Isaac and Rebecca (The Gospel in Genesis Part 2)

I spoke to the prophets, gave them many visions, and told parables through them. Hosea 12:10

Then Abraham returned to his servants and they set off together for Beersheba. And Abraham stayed in Beersheba (Gen. 22:19). Students have puzzled over this verse. Abraham had told his servants that he and Isaac would return to them (v.5), and the Lord had provided a substitute offering sparing Isaac (v.13) so why doesn’t the verse read “Abraham and Isaac returned to their servants… “? The answer is hidden in plain sight in chapter 24 when Isaac re-appears and completes the story of the Gospel in Genesis.

In Gen. 24:1 we read that Abraham was now old and well advanced in years and the Lord had blessed him in every way. Sarah had died and Abraham had buried her in Hebron (Gen. 23) so he sent the chief servant in his household to the home of his relatives to choose a wife for Isaac, traditionally a mother’s privilege. Abraham instructed him that he was not to get Isaac a bride from the Canaanites, nor was he to take Isaac back to his homeland. If the woman he chose refused to come, then the servant was released from his duty (Gen. 24:1-9).

Will You Marry Him?

The servant packed 10 camels with gifts and set out for the town of Nahor, Abraham’s brother. On the way he devised a plan that he asked the Lord to bless as he was arriving at the well outside town. The deal was that if he asked a girl for a drink and she offered to help water his camels as well, she would be the one the Lord had selected for Isaac. Now drawing enough water for 10 camels is no small task so this would be a real sign. Before he had finished praying, Rebekah came along and when he asked her for a drink she agreed and offered to water his camels as well. The servant confirmed that she was from the family of Nahor (she was his grand daughter) gave her a gift, and asked to spend the night with them

Upon arriving at her family home, the servant told his story and formally asked for Rebekah on behalf of Isaac. They gave their permission but when the servant insisted that they leave immediately said the final decision was hers. With out hesitation she agreed to go and they set off (Gen. 24:10-61).

Isaac had come in from the desert to Beer Lahai Roi one evening and as he looked up in the distance he saw them coming and went out to meet them. Rebekah spotted him and asked the servant who he was. “He is my master,” the servant replied so she covered herself with a veil as was the custom. Isaac brought her into the tent of his mother Sarah and married her and she brought comfort to Isaac after his mother’s death. (Gen. 24:62-67)

The Well Of Living Water

This is about as good a model of the relationship between the Father, the Son, Israel, and the Church as you’ll find anywhere in scripture. Remember that from the command to offer his only son as a sacrifice, Isaac was as good as dead to Abraham. Three days later Abraham received Isaac back from death when the Lord provided a substitute sacrifice (Gen. 22:4-6, 13 & Hebr. 11:17-19). At this point Isaac disappeared from the story. Abraham returned home with the servants to preside over the death and burial of his beloved Sarah and send an unnamed servant to the land of his family to obtain a bride for Isaac. She is supernaturally identified to the servant, given gifts by him, and must decide immediately to leave her familiar life, embark upon a journey of unknown duration with the servant as her guide to marry a husband she has never seen. Isaac is re-introduced into the story on the occasion of their initial meeting (on a day and hour previously unknown to her) near Beer LaHai Roi where they finally meet face to face and are married. Roughly translated Beer LaHai Roi means well of living water.

I Spoke To The Prophets, Gave Them Many Visions, And Told Parables Through Them (Hosea 12:10)

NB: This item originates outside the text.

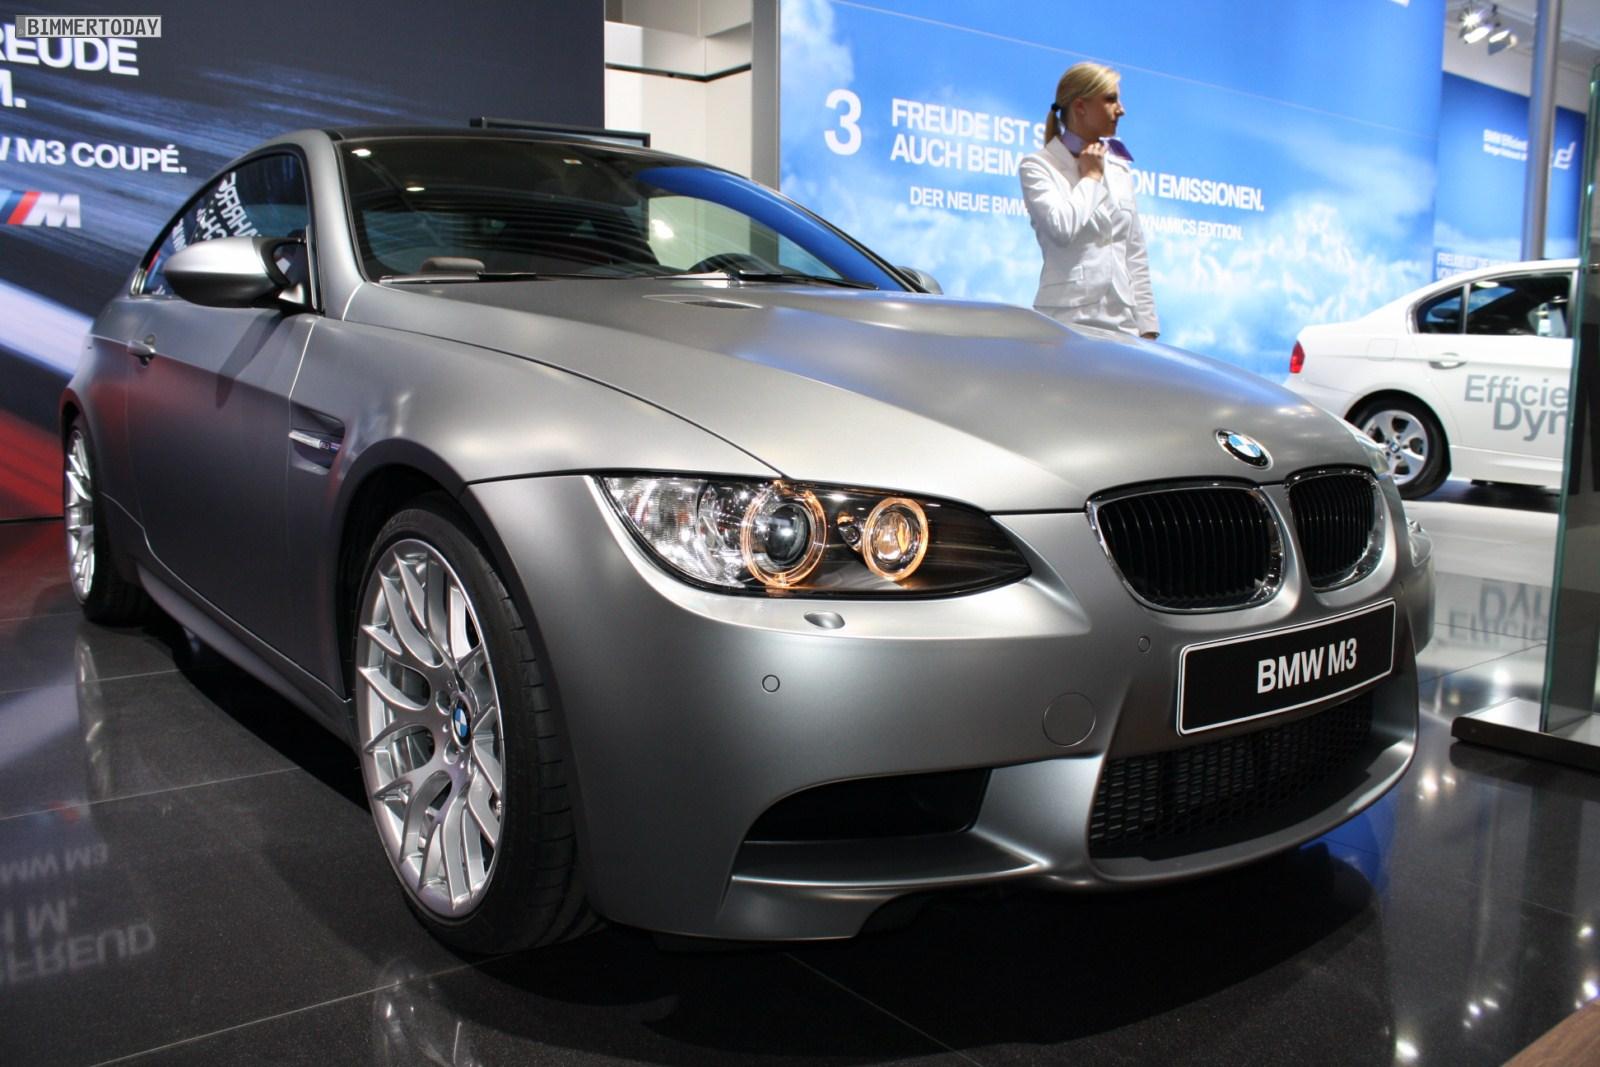 2010 leipzig auto show: bmw m3 coupe in frozen grey metallic

After God the Father had received His Son back from death, Jesus ascended into heaven and disappeared from Earth. Later the Father presided over the death and burial of His beloved Israel. He also sent an unnamed Servant into the Earth in search of a bride for His Son. This Servant, The Holy Spirit, is called The Comforter by Jesus in John 16:7 KJV but is known by no other name. (Although Abraham’s servant is not named in Gen. 24, a few chapters earlier he is identified as Eliezer a name that roughly translates “God is our comforter” Gen.15:2).

The Holy Spirit seeks out supernaturally identified people (He knew us before the foundation of the Earth was laid) asking us to become the Bride of Christ, investing us with gifts when we agree (Ephe. 1:13-14 and 1 Cor. 12:7-11). We must decide immediately to leave our familiar life, and embark upon a spiritual journey of unknown duration with the comforter as our guide to marry a husband we have never seen. On a day and hour previously unknown to us our Betrothed will come out to meet us (1 Thes. 4:16-17), The Holy Spirit will usher us into the presence of the true Well of Living Water, and upon meeting Him face to face for the first time we will wed. And now you know the adult version.